A mediados del siglo XVII, en la colonia americana de la Nueva España, la hija mestiza de un duque se revela contra la Corona y la Iglesia con el apoyo de los indígenas.
Reseña de Dion Bargailleon
Sin duda esta es una música auténtica, que se adentra de verdad en el espíritu de los personajes. A través de ella el compositor ahonda en la historia de forma mucho más elocuente que el fallido, pretencioso y casi ridículo filme.
La idea de partida era buena: en una misión de Nueva España vive María. Ella es casta pero laica; es mujer pero científica; es noble, pero también una orgullosa mestiza. Lo que en términos musicales hace el compositor es mucho más que una simple fusión de estilos. Su Ave María no es sólo el encuentro de la música del Viejo y del Nuevo Mundo, sino también de lo laico y lo profano; es la convergencia de lo sometido con lo recalcitrante. Es, en definitiva, a la vez epítome, culminación y apoteosis del personaje en torno al cual pretende girar esta película. Por eso lo escuchamos ya al final, cuando ha adquirido todo su significado. Aunque, para ser sinceros, se trata de un tema de tal fuerza dramática que difícilmente podría usarse en otro momento sin detener el ritmo narrativo de un film tan limitado.
Esta poderosa pieza, evocadora de las composiciones sacras de Vivaldi, consigue un fantástico equilibrio entre una especie de ritornello coral y el delicioso duetto central de la soprano y la mezzo.
Hay también fragmentos a trío de las cuerdas y breves pasajes imitativos de las voces. Toda una panoplia barroquizante que, junto con la percusión étnica, alcanza por momentos a exhudar un festivo fervor en el que se confunde la celebración caribeña con la mediterránea.
Destacan también los habituales instrumentos de época, como las flautas barrocas, el corneto o la tiorba; en cuyo empleo el compositor se sacude, no obstante, todos los tópicos de la música cinematográfica: no reduce su papel a una mera ambientación sonora, pero tampoco los trata como una especie de envoltorio tímbrico para música realmente más moderna. El compositor habla este idioma antiguo con la suficiente soltura como para acercarnos a sus protagonistas con una arquitectura musical y un sonido auténticamente barrocos. De este modo no son sólo sus sentimientos lo que explica. La música está hablando sutilmente del sustrato de su cultura, de su psicología y de su estética. El compositor coge a unos sufridos actores y los convierte de esta forma en auténticos habitantes del siglo XVII.
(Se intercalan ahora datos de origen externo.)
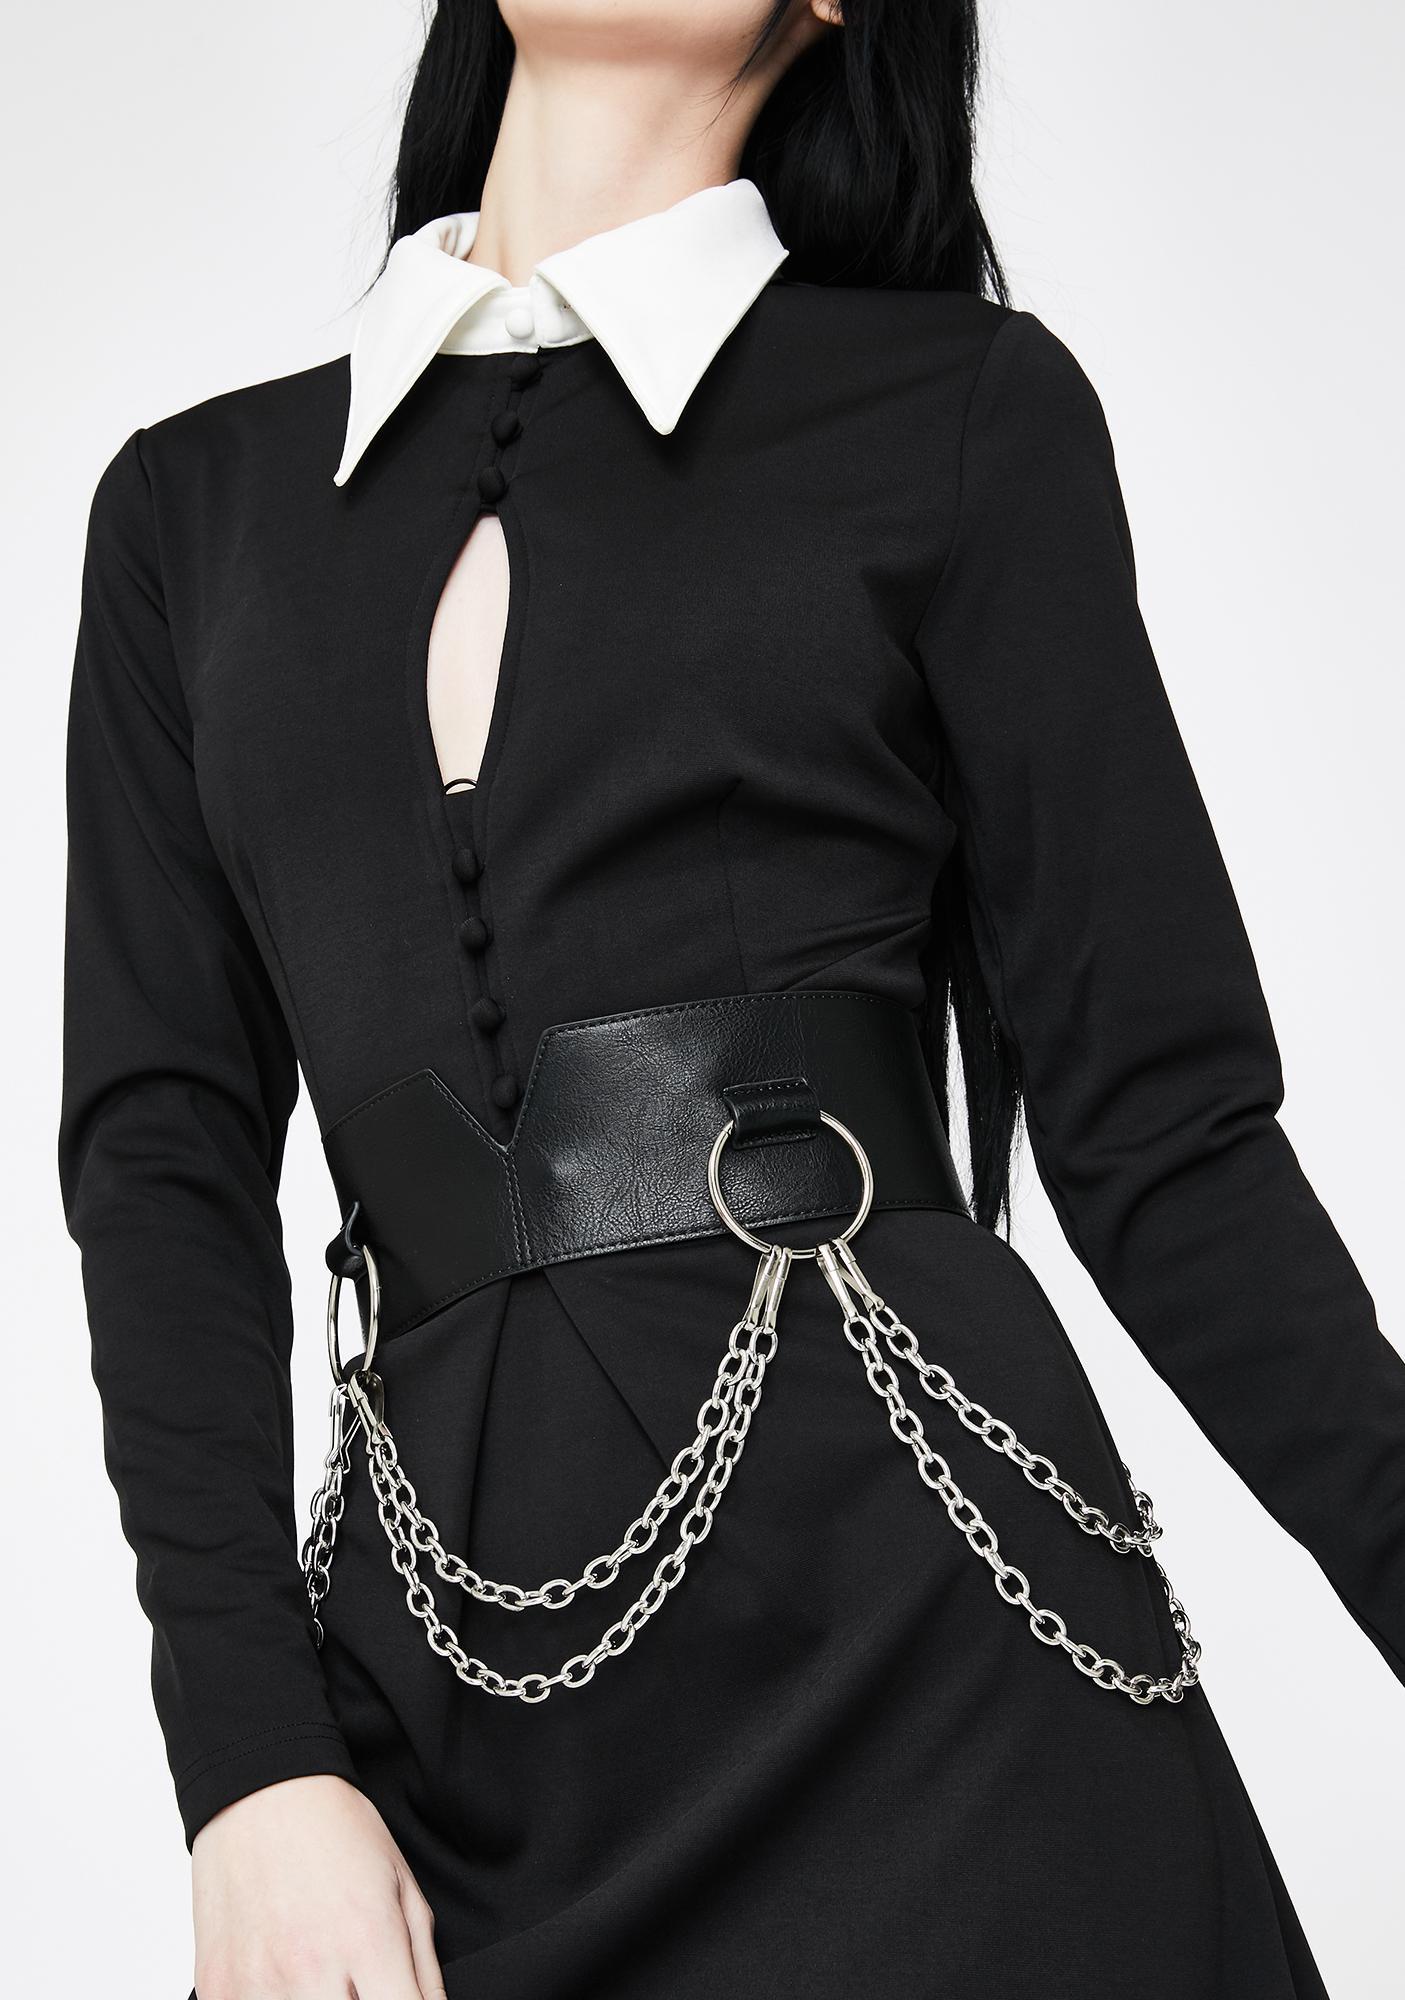 Disturbia Sanction O-Ring Chain Belt

No es una música que hable simplemente con un espectador pasivo e inconsciente, sino que se trata de un discurso que realmente apela a la inteligencia y a la sensibilidad activa de quien la escucha. El tema La Corona y la Iglesia empieza realmente como una sonata para viola de gamba y bajo continuo digna de un Vivaldi o de un Marais, pero al mismo tiempo logra adentrarnos en el sufrimiento y el dramatismo de la última escena de la película con los ojos conmovidos (o mejor dicho, los oídos) de un espectador de esa no tan lejana época.
Por último, también hay que hablar del sobrecogido pange lingua que se aplica a los crudos momentos del castigo de María, en una versión a capella de las voces. Si bien es cierto que su femenina delicadeza sirve para suavizar la sangrante dureza del momento, en una segunda lectura más profunda hay que notar que se trata de un himno eucarístico que habla del sufrimiento del cuerpo de Cristo, y que aplicado a la protagonista la convierte en un mártir de su tiempo. Nosotros lo intuimos en el siglo XXI, pero los supuestos protagonistas de esos acontecimientos además lo sabían. No es pues sólo una música sentimentalmente cercana a nosotros, es también una pequeña reconstrucción racional de un momento en nuestra civilización que todos reconocemos, pero del que no siempre nos acordamos.